Al igual que en “El Viejo”, el aporte de los vientos le da todavía más energía y urgencia a la canción. Rada y Teysera se buscan con la mirada, la banda responde y el público vuelve a entrar mientras marca la clave. Eso se nota, sobre todo, entre toma y toma. Nadie corta. Piccone deja caer la introducción de “Montevideo”, de Opa, y, como había pasado unos minutos antes con “Vuelan Palos”, el resto del ensamble se suma casi por instinto. “¡A ver ese grito de locura!”, pide Rada antes de la tercera y última toma. “No escatimen en aplausos”, pide un camarógrafo.
Para cerrar, ya con el clima instalado, Rada entrega un último regalo: “¿Quién va a cantar?”, con el público bailando y La Vela sumándose en los coros. La rueda termina de cerrarse.
“Es un honor”, le comenta Ferreiro a El País apenas termina la grabación. Detrás de él, los músicos de ambas bandas se abrazan, se forma una fila para sacarse selfies con Rada y los instrumentos empiezan a desenchufarse. “No sabía que iba a venir público, pero fue divino porque se armó tremenda energía”, cuenta.
Entonces resume, sin proponérselo, el espíritu de la noche. “Nosotros jorobamos mucho con la idea del play music de los yanquis, o sea la música como un juego, y cuando eso pasa siempre se dan cosas buenas. Y acá, como son todos tremendos músicos, es una papa. Es entrar a jugar al Barcelona: andá pa’ adelante y pegale al arco”.
Días después de la grabación, Fabiana Segovia vuelve a esa imagen. “Lo viví como una cosa tribal”, cuenta a El País. “El hecho de estar todos en ronda une a los músicos y al público. Eso se vive pocas veces y es un privilegio escuchar desde al lado al Lobo Núñez o a Ruben Rada”. Para la productora, ese era el verdadero desafío del proyecto. “Tenemos genios en la edición que me dicen que esa energía traspasa la pantalla. Si logramos que la sienta quien está del otro lado, estamos más que hechos”.
La primera entrega de ¿Quién va a cantar? se estrenará este jueves a las 20.00 en el canal de YouTube del proyecto (@quienvaacantar).
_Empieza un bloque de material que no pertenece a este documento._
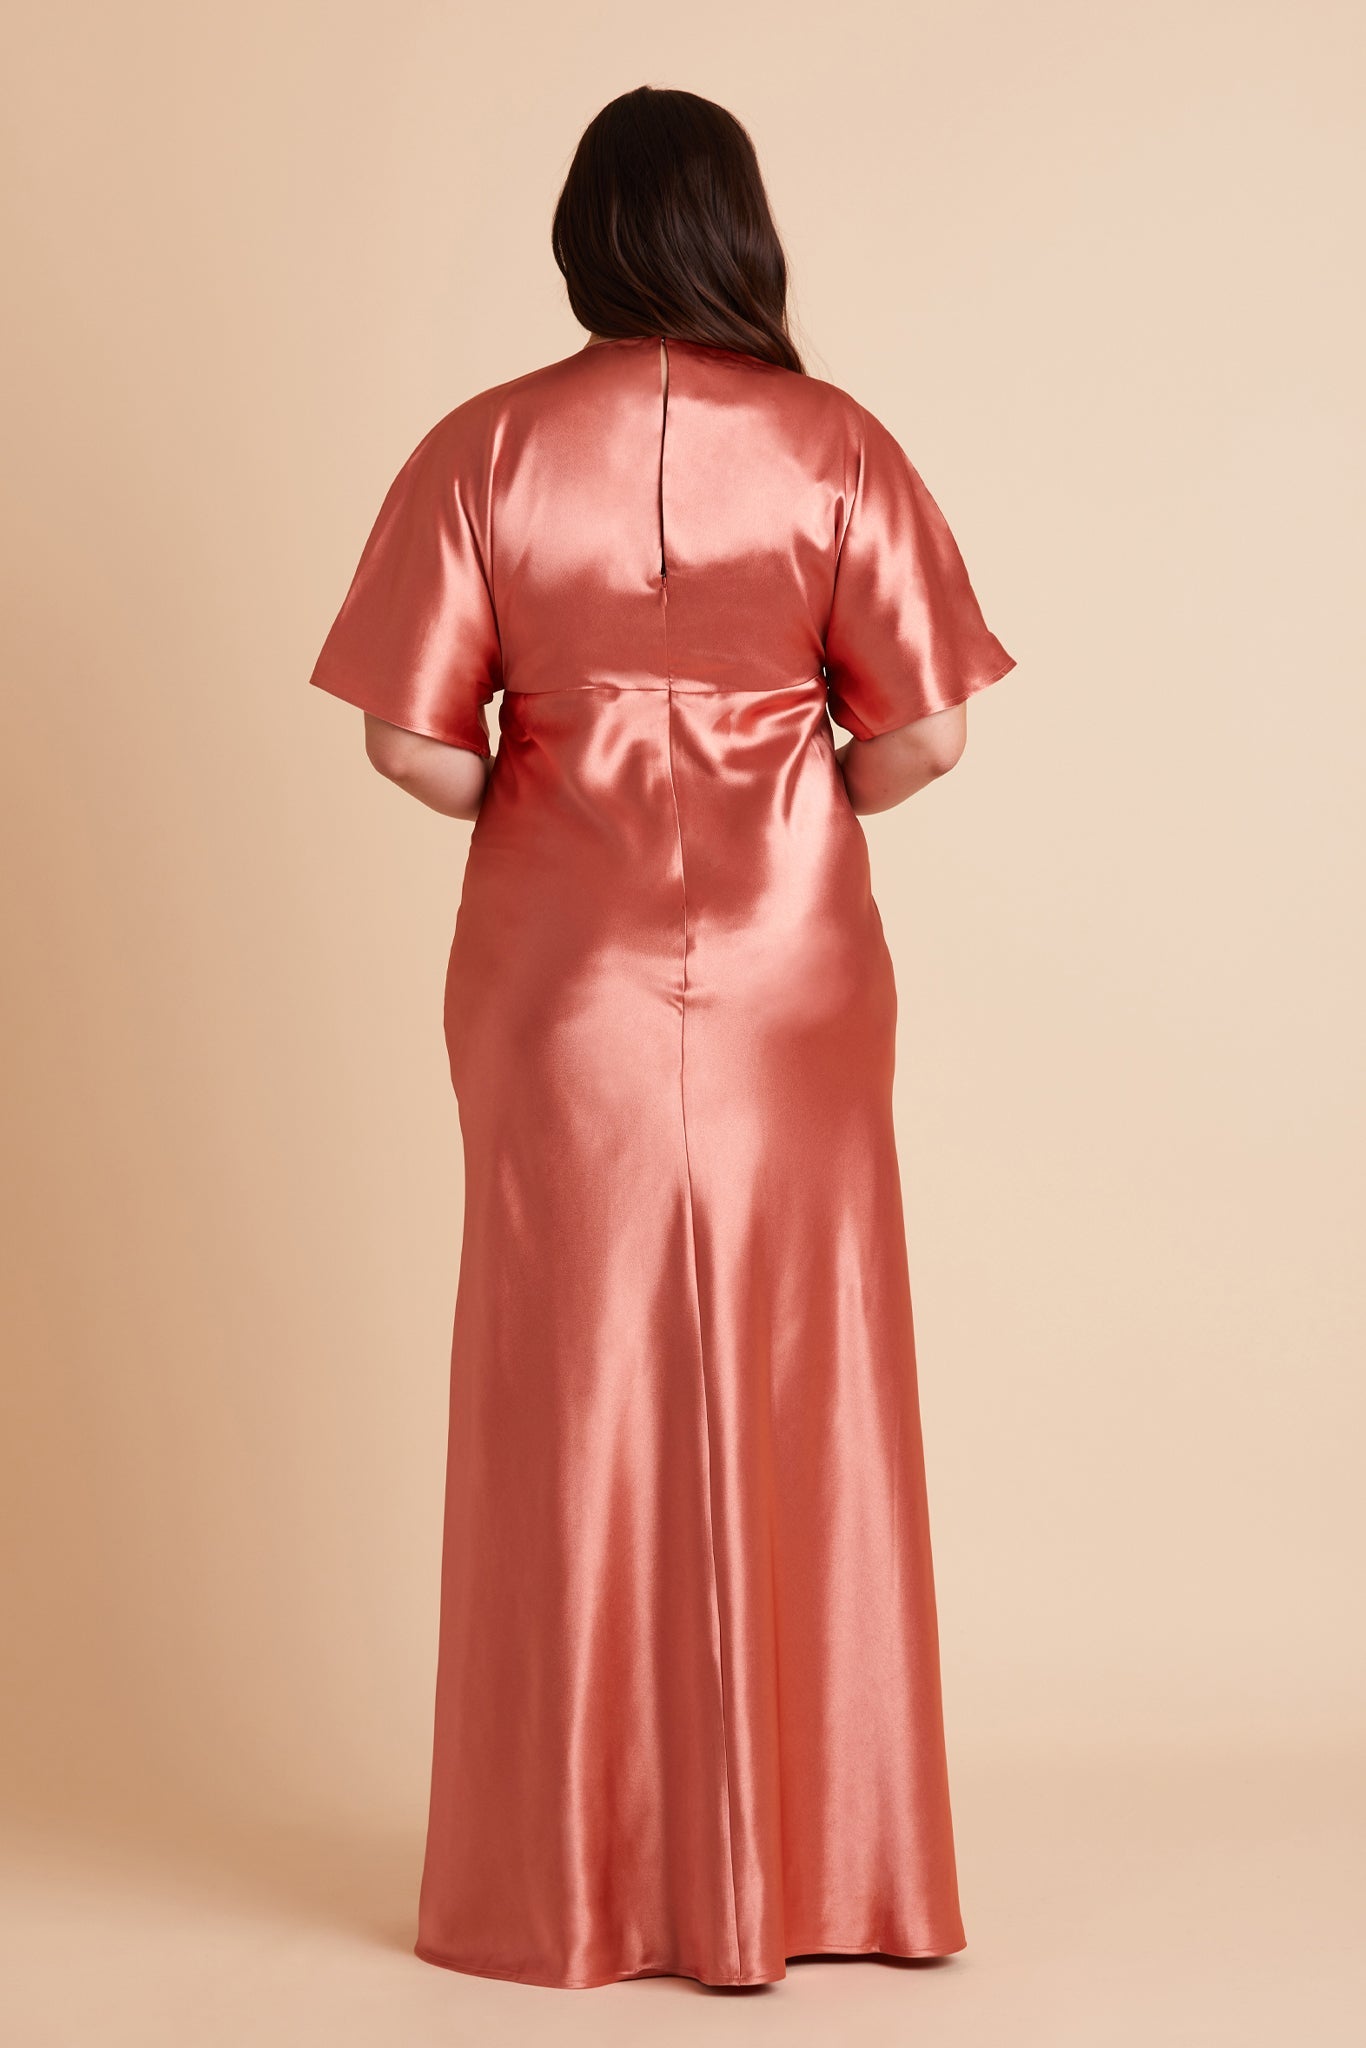 Jesse plus size bridesmaid dress with slit in terracotta satin by Birdy Grey, back view

Serán tres videos: uno por canción y otro con las improvisaciones y conversaciones que surgieron entre tomas. Ya se grabaron nuevos encuentros con artistas uruguayos e internacionales de distintas generaciones, y la idea es publicar un episodio por mes.
“Fue divino, loco”, suma Rada. “Me quedé muy contento porque todos tocaron divino. Hice mucha televisión, pero siempre quise hacer un programa exclusivo de música. Ahora estamos buscando más músicos”.
Cuando se trata de los invitados, Segovia no duda. “Es fácil porque todos quieren cantar con Rada”, asegura. “Ruben tiene algo que te permite soñar con que algún día venga a cantar Mick Jagger. Sabés que parece imposible, pero con él no”.